# New Nongsd, Mace and Blackjack



## KCandMace (Apr 8, 2008)

I just adopted a Wire Haired Pointing Griffon. Not your typical breed or one I ever heard of! lol 
Anyways. We are trying to come up with a name for him. His name was Stewey after Family Guy. :thumbsdown: I absolutely HATE it. Been thinking all day about names. Bosch and Strupy are what we have thought of. The fella is almost 11 months old. Already fixed and UTD on shots. Doing good with Mace and Hexe. Blackjack isn't as pleased but doing ok. He also has some manners. Knows sit and down, stay. Need to proof them all! Can walk on a leash. 
He did very well at petsmart when we went to get him a new bowl. Met several dogs, even a Mastiff and did awesome with each of them. He is very much a big puppy, bounces like a tigger! 
The lady I got him from said she will try and find out where he came from. Her son had bought the dog trying to one-up his exwife. She took the pup in because he was crated most of the day and then the guy was mad when he was so hyper! So she felt bad and brought him to NC to live with her. Well then she learned that her hubby was being deployed and she thought the pup would be best in a home where he could really run and be used. She said he was tested for hunting and he does have some natural talent. But I don't hunt and neither does my husband. I am hoping to use his nose and natural agility. 
He is certainly a sweetheart. That tail of his just wiggles with excitement. 

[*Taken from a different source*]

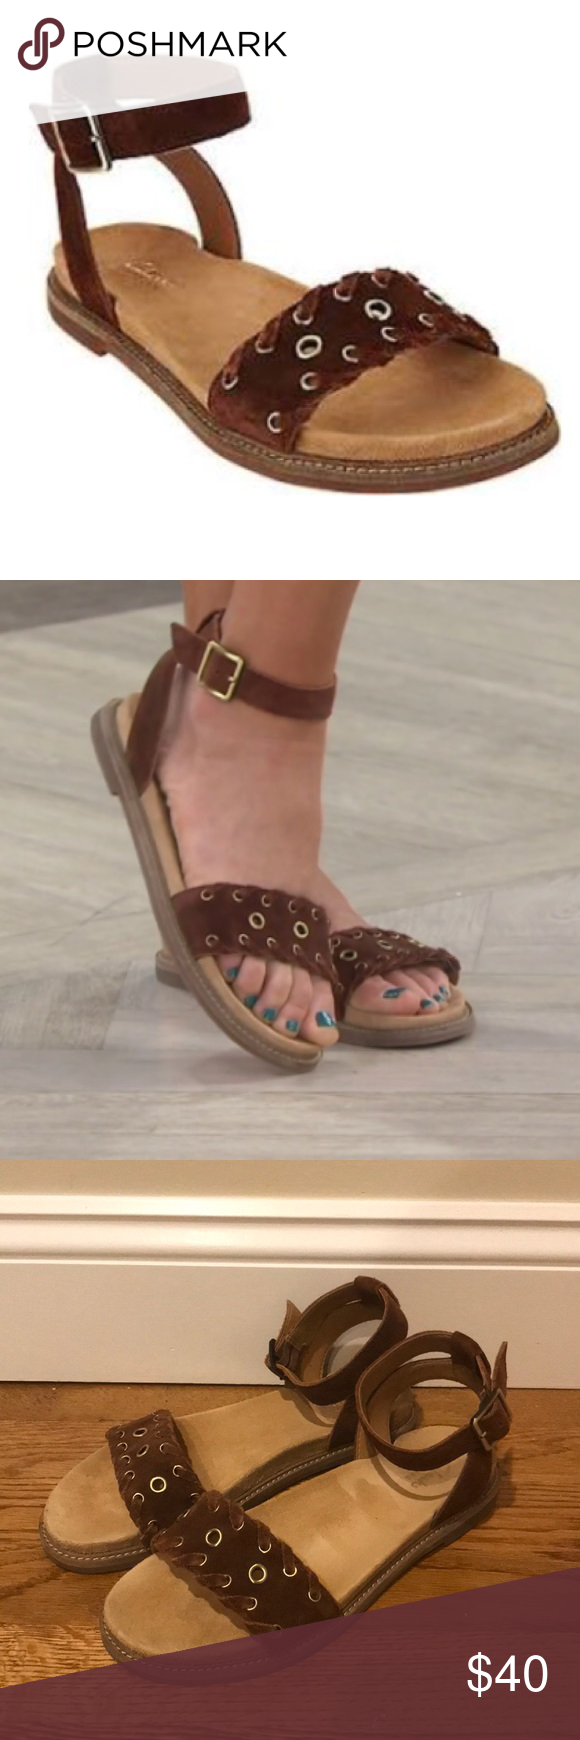 d2d2f161f11 Clarks Corsio Amelia Ankle Strap Suede Sandals 8 Clarks Corsio Amelia  Sandals! These suede sandals

And a little Mace like I promised. :smitten: 










Blackjack and Hexe


----------



## GsdLoverr729 (Jun 20, 2010)

Gorgeous dogs! Is that a german wirehaired pointer? Beauty 
Oops haha just read it. Guess I was wrong, but still a pretty dog XD


----------



## KZoppa (Aug 14, 2010)

i love Griffons! they're such smart dogs. Probably one of the only hunting breeds i would seriously consider. They're sweet too. Course i like Irish setters and Gorden Setters but out of my budget right now.


----------



## KCandMace (Apr 8, 2008)

Somebody else thought he was a German pointer too. 

I never knew there were so many different Griffons.  Was interesting to read about the breed.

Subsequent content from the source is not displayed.